Being aware of the body, of what a body feels like.
My breath flowed in my nostrils, caressing the back of my throat before entering my lungs, the rising of my chest a soft, gentle rising that filled my body with a lukewarm glow. As the motion reaches its crest, it just as quickly falls, and my body relaxes.
I hear the sound of the ceiling fan in the background, a soft, constant hum occasionally precipitated by the distant sounds of my neighbors’ children playing outside the house. A soft suction noise. The inhale. A soft release noise. The exhale.
My thoughts dance around, having slowed down to a slow waltz from the usual samba, as my mind came closer to rest.
‘Relax into the breath.’
‘How do I abide as the presence of awareness?’
‘Ooh, there’s a little bit of tension here.’
‘Nice, that tightness loosened up by itself.‘
‘What is this strange energy-feeling-sensation behind my eyes?’
‘I am aware. I am aware.’
‘It feels so light that I can float.’
‘Am I the content being experienced right now, or am I the one who experiences it?’
‘I’m the open, empty sky of awareness.’
Thoughts glide in and out of focus, each permutation of my mind becoming slower than the last. I am aware of the thoughts as they pop in and out of existence, just like the noises that the children make.
My feet touch the marble floor. Cool on the skin, with a warm vibration-esque sensation complimented by the moving air from the fan above. My bum feels relaxed from sitting on the couch, the pressure of the soft couch underneath pressing into my clothes against my skin, all with the same aliveness that I felt in my hands, torso, and body.
This must be what being a baby feels like.
To have this soft, open, luminous, light body that ‘I’, consciousness, localizes itself in, to perceive the universe with such aliveness. It feels light, highly sensitive, a stark contrast to the heavy, dense aches and pains from previous injuries from before. It feels refreshing, like I had just woken up from a great beauty sleep to a beautiful day. It feels great.
If light could be felt, then the body is felt light, a vibration of such elegance that I can only correlate it with aliveness. Thoughts then, are lighter, more dynamic frequencies that appear in experience, just as sounds are modulations vibrating air molecules.
Nikola Tesla was right; it’s all energy, frequency and vibration.
Sound, thought, sensation all appear and dance in me. ‘I’, the presence of awareness was the container for all these described experiences, for without me they would not be the known object as ‘I am’ the literal subject.
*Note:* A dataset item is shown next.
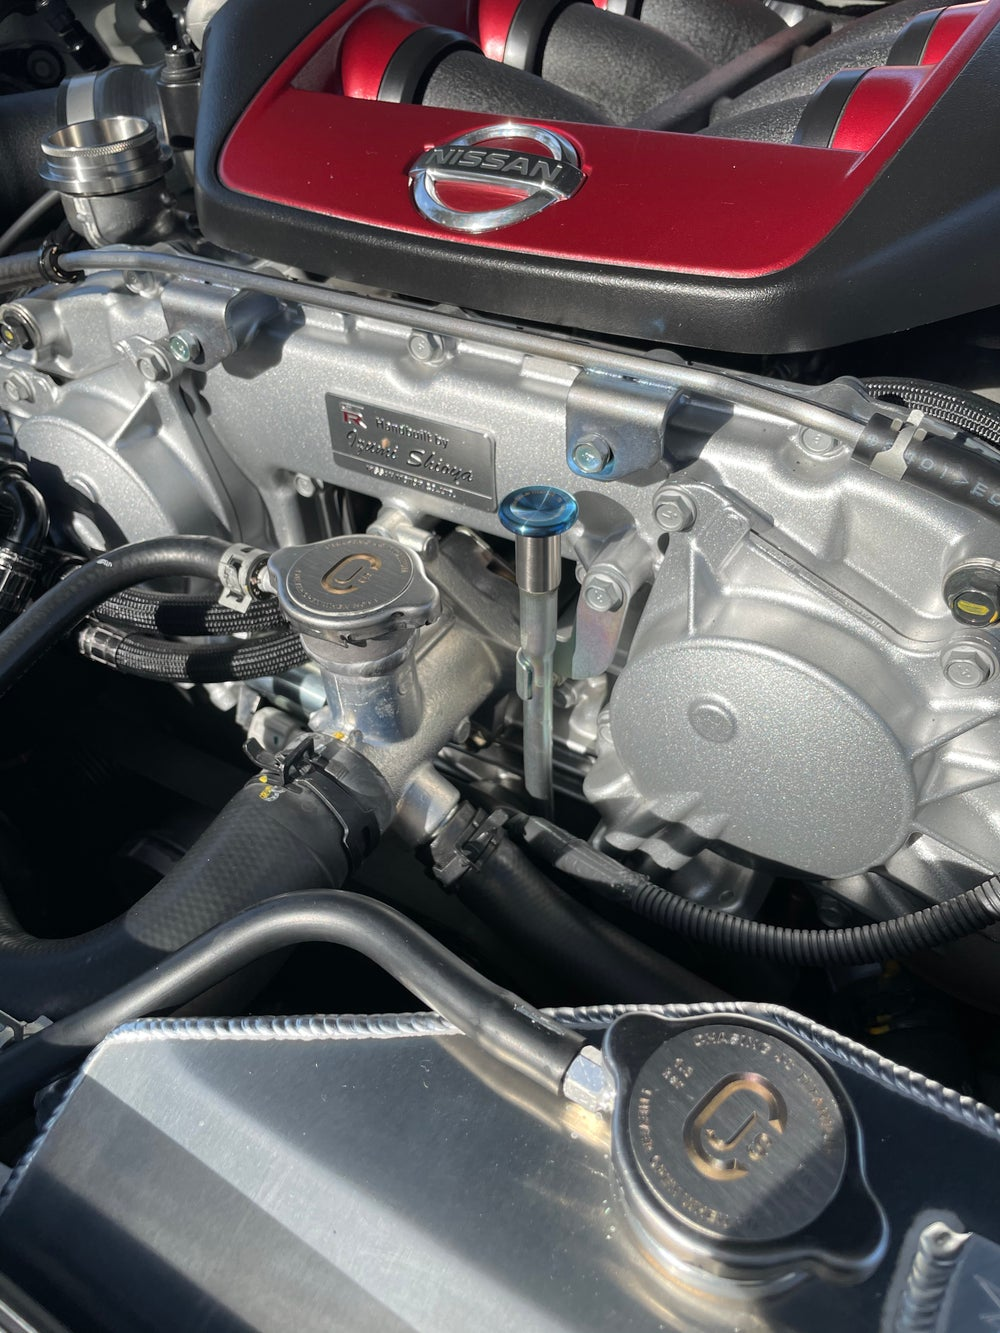 Nissan GTR, 370z, G37 dual radiator cap set.

Where sleep was the experience of the absence of everything, this meditative state was the experience of being one with, experiencing, and enjoying the body.
‘This is what it means to be alive.’
An effortless letting go. A relaxation. A marvelous experience. A truly beautiful moment.
All it takes is slowing down and being aware of the body. The mind will keep chattering, but that is its function, all you have to do is to just observe it, and if the mind makes observations of the observing, be aware of that, too. There is no need to do anything here, no need to engage with that, all that is needed is for you to be aware.
Being aware is effortless, and that’s all you have to do.
Damn, babies have it good, but so too can you.